What Kind Of Protest Is This ?

So, a UK government minister feels most of the people who voted for the British National Party at the European Parliament elections did so because they felt, “excluded and ignored.”
Well, John Denham, it’s comforting to know that they weren’t voting BNP because they were fascists, racists, white supremacists or even British Nationalists, although I doubt if anyone even knows what a British Nationalist is.
What do we need to do to stop them voting BNP ? Give them a hug ? Tickle their tummy and tell them they’re wonderful ? No, apparently, politicians need to listen to them more and talk more about the issues that matter most to them. Like what ? Well, his fellow Labour MP, John Cruddas, says we should be talking about housing, the recession, unemployment, immigration.
Immigration ? Wait a minute, his pal just said they didn’t vote BNP because they were racist. If they’re not racist then why should they be that bothered about immigration ?

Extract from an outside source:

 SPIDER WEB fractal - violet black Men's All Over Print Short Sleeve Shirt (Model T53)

Another friend, Andy Burnham called the election of two English BNP Euro MP’s a protest vote. Some protest. Normally, tactical voting involves putting your X on the ballot paper next to the name of the nice chap from the Liberal Democrats.

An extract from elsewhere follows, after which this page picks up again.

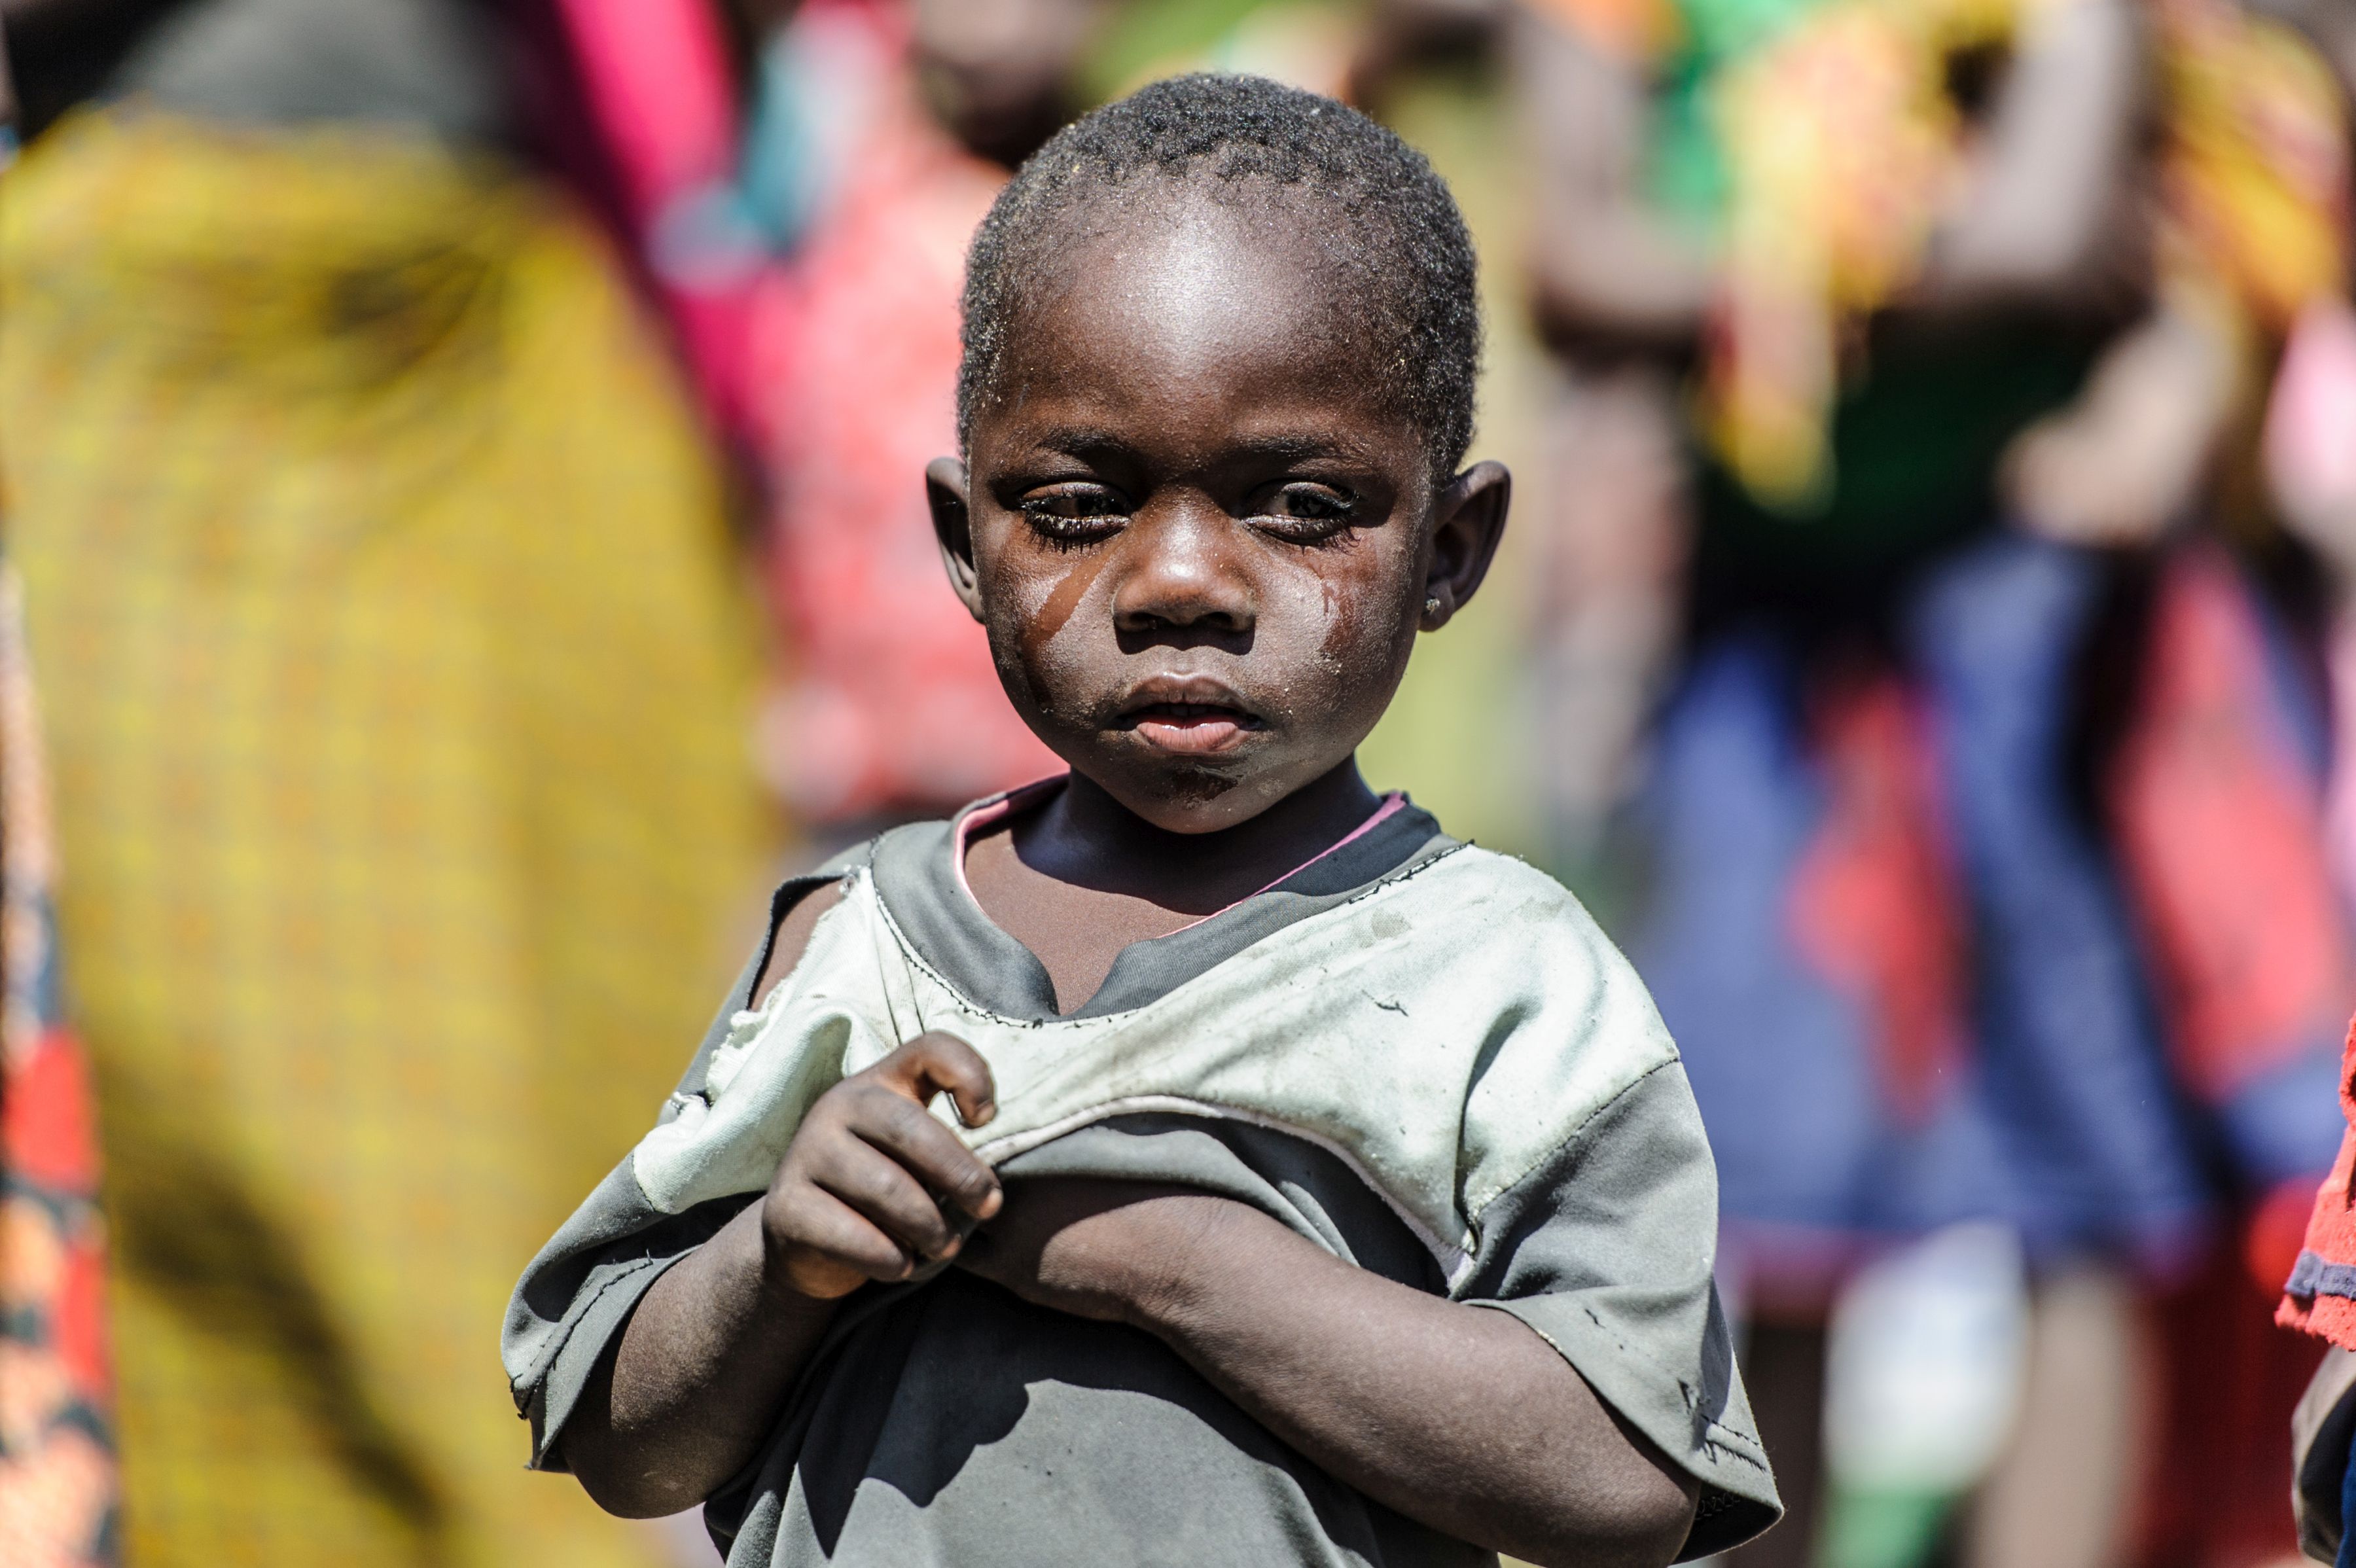 Fermare il tracoma per sempre si può!-Sightsavers Italia Onlus

Now thousands, no hundreds of thousands, of people are prepared to vote for a party that wants to pack people born in Britain onto planes to live in a country they’ve never visited, simply to protest at the way the country’s being run ? Are you serious ?
Sure, if you want to shock the political elite out of what you perceive to be their complacency then that is one way to do it. But how many people who genuinely want to register their discontent with the major political powers in the land feel compelled to vote Nazi just to do so ?
But still the main parties come up with the ‘Forgive them, Lord, for they know not what they do’ line. A protest vote is a protest vote, whether it’s for fascists or the Greens. If that’s true, and voting intentions are reduced to a game of sticking the tail on the donkey then what does that say about our level of democratic sophistication ? No, don’t answer that.
So what are we left with ? People susceptible to the casual, off-the-cuff, discrimination against those who might be easily described as “not like us” because they have dark skin, wear strange clothes, or have “funny sounding” names.
But we are not allowed to call these people racists because their viewpoints are based largely on ignorance and once we make them see the folly of their muddled thinking they will all be champions for race relations.
Hang on, though, these “others” that they see as a threat because they fail to understand them properly have been here for decades. We’ve had plenty of time to explain their differences in non-threatening terms, plenty of time to change attitudes, make the places we live in multi-ethnic.
And it has not all been a failure.In real numbers those voting BNP are still a small minority, and most of us would have no truck with the party. However, there is obviously still work to be done if enough votes can be mustered to elect the BNP in a national poll. Pretending that the majority of those votes are cast by people who are not racist suggests there are some who simply want to wake up in the morning and find out it was all a bad dream.
David Cameron can talk all he wants about the “shame” of his country sending BNP members to Brussels and Strasbourg. But surely now is the time for him and Messrs. Denham, Cruddas and Burnham to stand up and fight racism in ways that mean something, rather than try to make limp excuses on behalf of those who are induced to misuse democracy for the aims of right-wing extremism.